Маиор Ковалев имел обыкновение каждый почти день прохаживаться по Невскому проспекту. Воротник у него был чрезвычайно накрахмален. Бакенбарды у него были такого рода, какие и теперь еще можно видеть у губернских поветовых землемеров, у архитекторов и, если только они русские люди, также у отправляющих разные полицейские обязанности и вообще у всех тех мужей, у которых чрезвычайно полные] и румяные щеки и которые хорошо играют в бостон. Эти бакенбарды идут по самой середине щеки и прямехонько доходят до носа. Маиор Ковалев носил большое множество печаток сердоликовых с гербами и таких на которых только было вырезано: середа, четверг, понедельник и проч. Маиор Ковалев приехал в Петербург по надобности, а именно искать приличного своего звания <места>. Если удастся, то виц-губернатора, а не то экзекутора в каком-нибудь видном департаменте. Маиор Ковалев был непрочь и жениться. Но только в таком случае, когда невеста будет иметь двести тысяч капиталу. — И потому читатель может посудить теперь в полной мере, каково было положение этого маиора, когда он увидел вместо довольно недурного, умеренного носа, — преглупое, ровное, гладкое место.

Как на беду его, еще ни один извозчик не выезжал на улицу и он должен был итти пешком, закутавшись в свой плащ и закрывши платком <лицо>, показывая вид, как будто бы у него шла кровь. „Но авось-либо мне так представилось, не может быть, чтобы нос пропал неизвестно куда“, подумал он и зашел в кондитерскую нарочно, чтобы посмотреть в зеркало. К счастью в кондитерской никого не было; мальчишки мели комнаты и расставляли стулья; некоторые с сонными глазами выносили горячие пирожки; по столам и стульям валялись залитые кофием вчерашние газеты. Он робко подошел к зеркалу и глянул. „Чорт знает что, какая дрянь!“ произнес он, плюнувши. „Хотя бы уже что-нибудь было вместо носа, а то ничего“.

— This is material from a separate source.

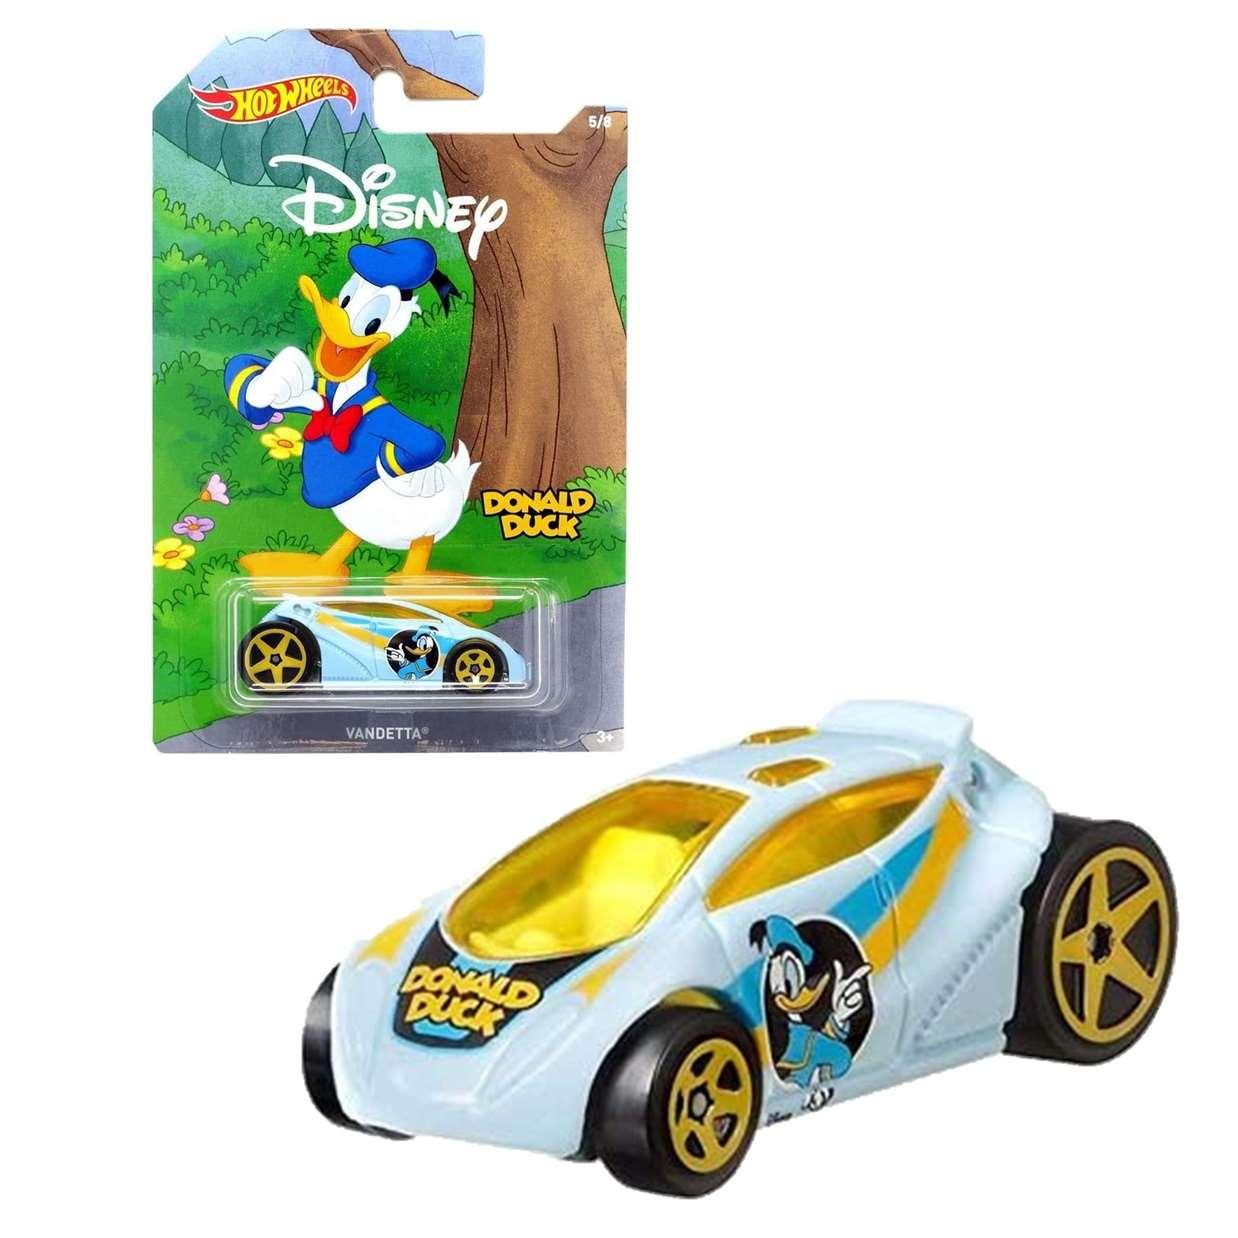 Donald Duck Vandetta 5/8 Hot Wheels Disney Mickey And Friend

С досадою закусивши губы, вышел он из кондитерской и не решился глядеть ни на кого, что было он всегда делал прежде, сопровождая это приятною улыбкою. Вдруг он остановился как вкопанный у дверей одного магазина. Перед магазином остановилась карета и из нее выпрыгнул, согнувшись, господин в мундире. Ковалев с радостью и ужасом узнал, что этот господин был его собственный нос. Он решился дождаться его возврата в карету и стоял как в лихорадке. Через две минуты нос, действительно, вышел из магазина. Он был в модном парике <и> мундире шитом золотом с большим стоящим воротником, на нем были замшевые панталоны, при боку шпага. По шляпе с плюмажем можно было видеть, что он считался в ранге статского советника. Заметно было, что он ехал куда-нибудь с визитом. Он поглядел на обе стороны и закричал кучеру: подавай! — сел и уехал. — Бедный Ковалев чуть не сошел с ума. Он не знал как и подумать об таком странном происшествии. Как же можно, чтобы нос мог ездить и ходить в мундире. Он побежал за каретою, которая К счастию отъехала недалеко и остановилась перед Казанским собором. Он поспешил в собор, пробрался сквозь ряд нищих старух с завязанными лицами и двумя отверстиями только для глаз, над которыми он прежде так смеялся и вошел в церковь. Молельщиков внутри церкви было немного; они все стояли только при входе в двери. Ковалев чувствовал, что он в таком расстроенном состоянии, что никак не в силах был молиться. Он искал господина носа по всем углам и наконец увидел его стоявшего в стороне. Нос совершенно спрятал лицо свое в большой стоящий воротник и с выражением величайшей набожности молился. „Как подойти к нему?“ думал Ковалев: „Одет как господин и при том еще статский советник. Чорт его знает! Он начал, стоя около него, покашливать, но нос ни на минуту не оставлял набожного своего положения и отвешивал поклоны. „Милостивый государь!“ сказал Ковалев, стараясь ободрить себя. „Милостивый государь... “ — „Что вам угодно?“, отвечал он, оборотившись. „Мне странно, милостивый государь... мне кажется... вы должны знать свое место. И я вас вдруг нахожу... и где же? — в церкви. Согласитесь... “

„Я не могу понять, как вы изволите говорить: объяснитесь“. „Как мне ему объяснить?“ подумал Ковалев и, собравшись с духом, начал: „Конечно я... впрочем я... Мне ходить без носа, согласитесь это не то что какой-нибудь торговке, которая продает на Воскресенском мосту очищенные апельсины, — можно сидеть без него. Но для лица, получив.<шего?> губернаторского места, что̀ без сомнения последует... Я не знаю, милостивый государь!“ при этом маиор пожал плечами: „извините... Если на это смотреть сообразно с правилами долга и чести... вы сами можете понять... “

„Ничего решительно“, отвечал нос: „изъяснитесь удовлетворительнее“.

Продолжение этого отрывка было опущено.